Figure 4: Non-contiguous sectors of the ministream break up the (sequential) sectors of contained streams
The code shown in figure 3 will have the desired effect of organizing the sectors for larger streams both sequentially and contiguously, making them easier to read. Although it will write smaller streams (< sector size) sequentially as well, it will not guarantee that the smaller stream sectors are contiguous. That is a problem to solve in a later session.
Comments
Anonymous
September 19, 2012
Hi, thanks for the article. A bit late but... Looks like you've made mistake here: "...that contains application stream data that is less than the sector size in total length." In fact for version 3 file format ministreams can be in length as several regular sectors.
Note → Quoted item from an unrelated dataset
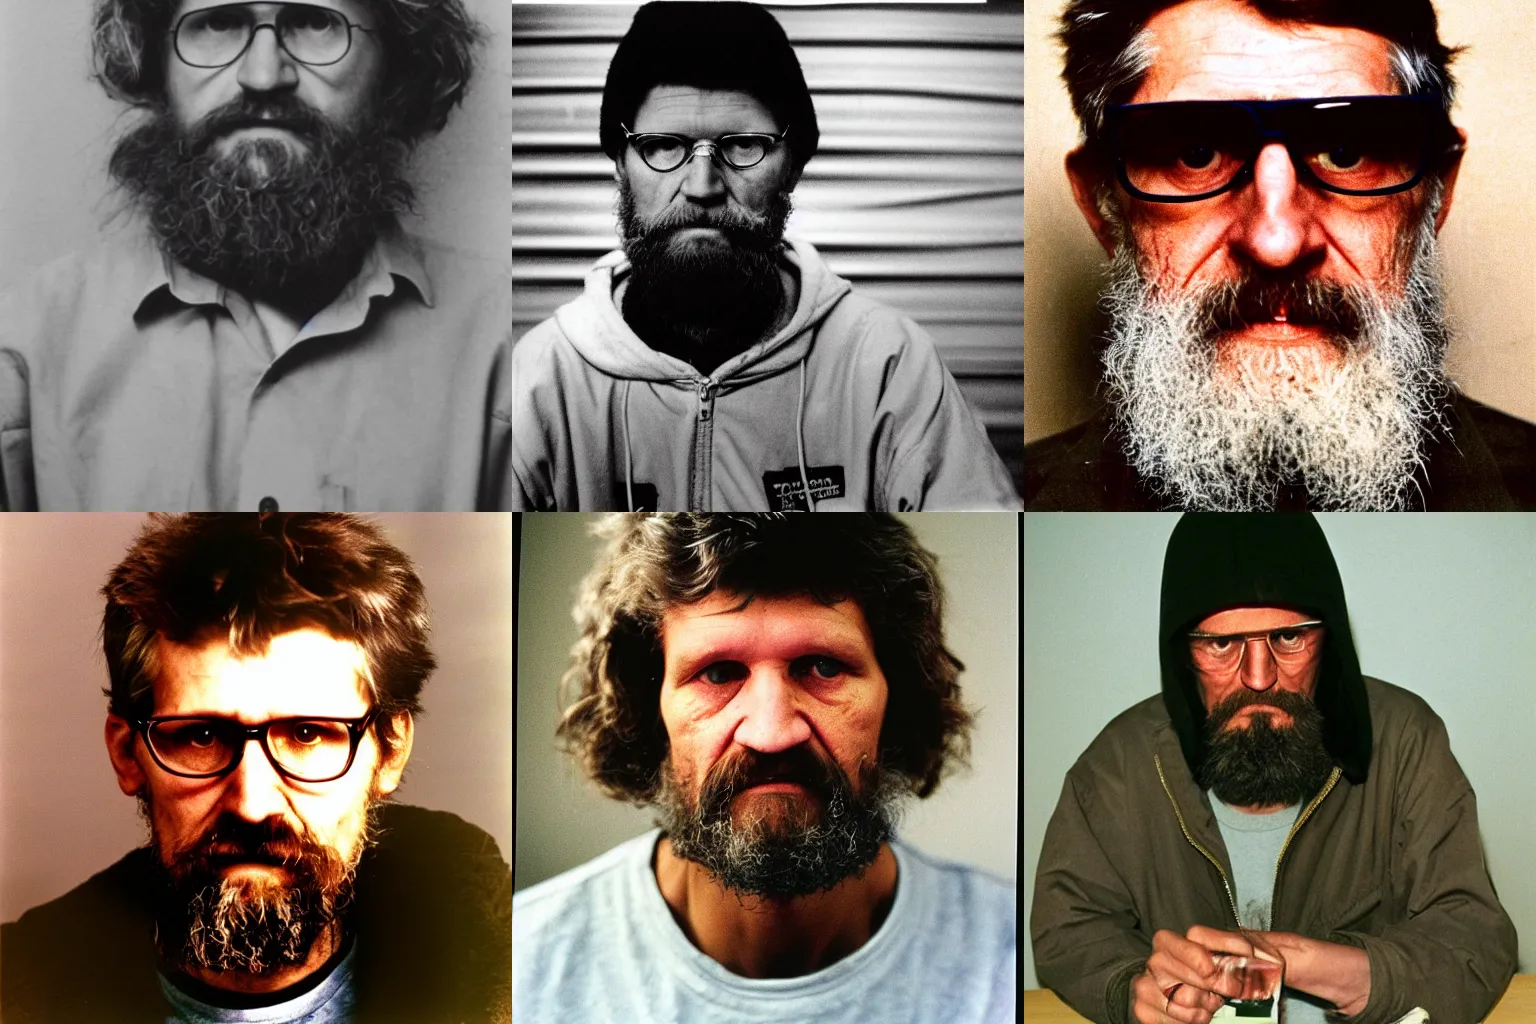 Prompt: kodachrome photo of ted Kaczynski unabomber portrait
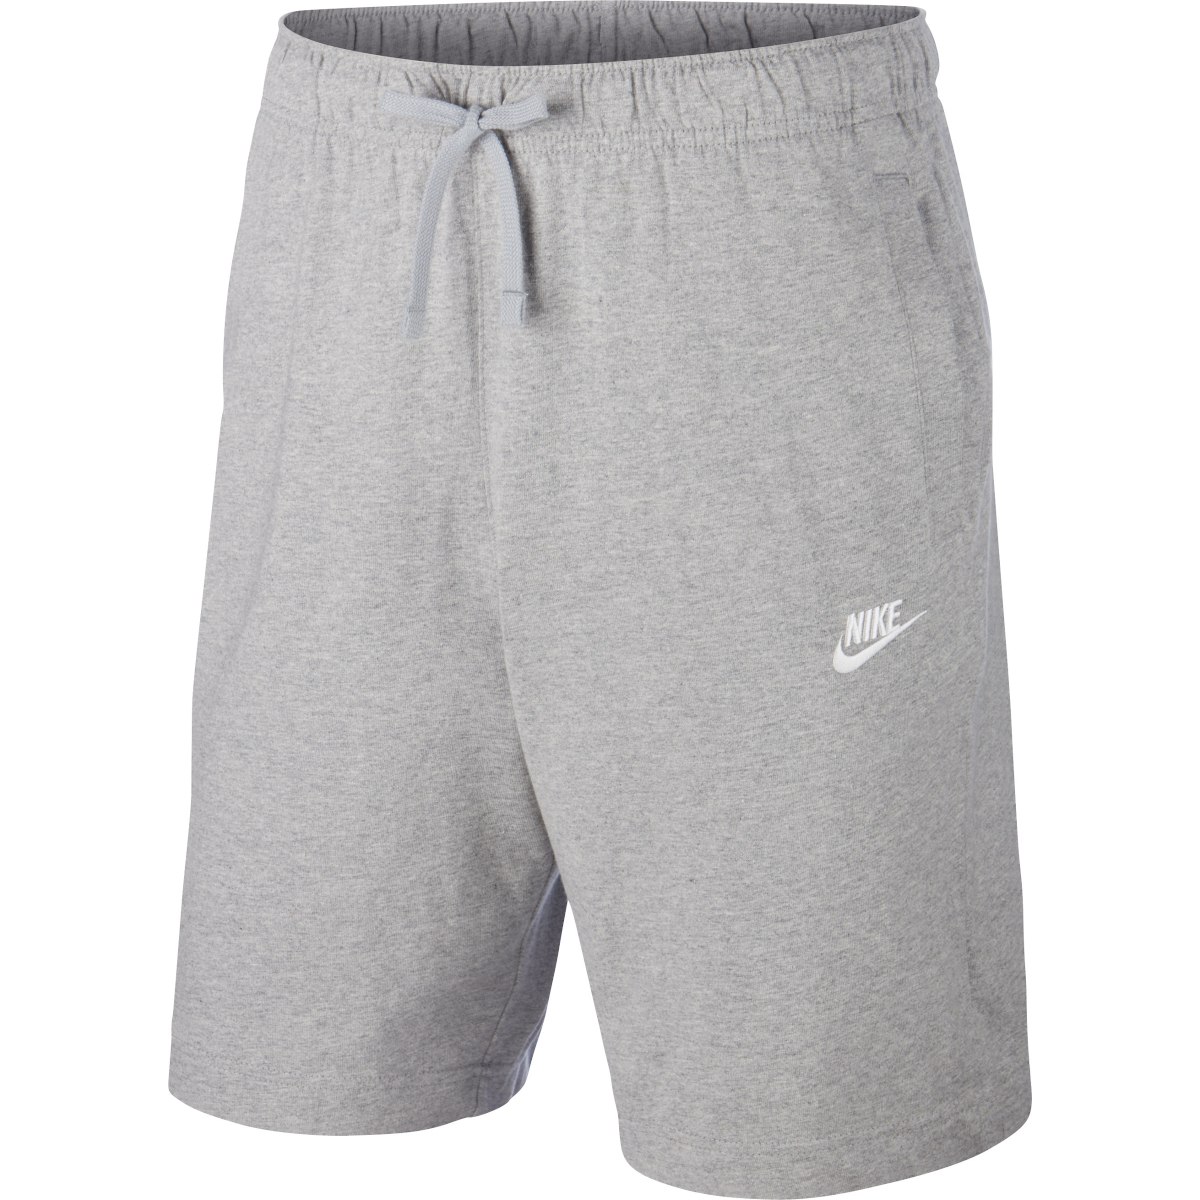 Immagine prodotto da Nike Pantaloncini Uomo - Sportswear Club - dark grey heather/white BV2772-063

This is regulated by header's value "Mini Stream Cutoff Size". Here is copypaste from the [MS-CFB] spec: "Mini Stream Cutoff Size (4 bytes): This integer field MUST be set to 0x00001000. This field specifies the maximum size of a user-defined data stream allocated from the mini FAT and mini stream, and that cutoff is 4096 bytes. Any user-defined data stream larger than or equal to this cutoff size must be allocated as normal sectors from the FAT."Anonymous
September 20, 2012
Thanks for catching that Alexander. I should have said, "...that contains application stream data that is less than the mini stream cutoff size (0x1000) in total length." I'll update the blog.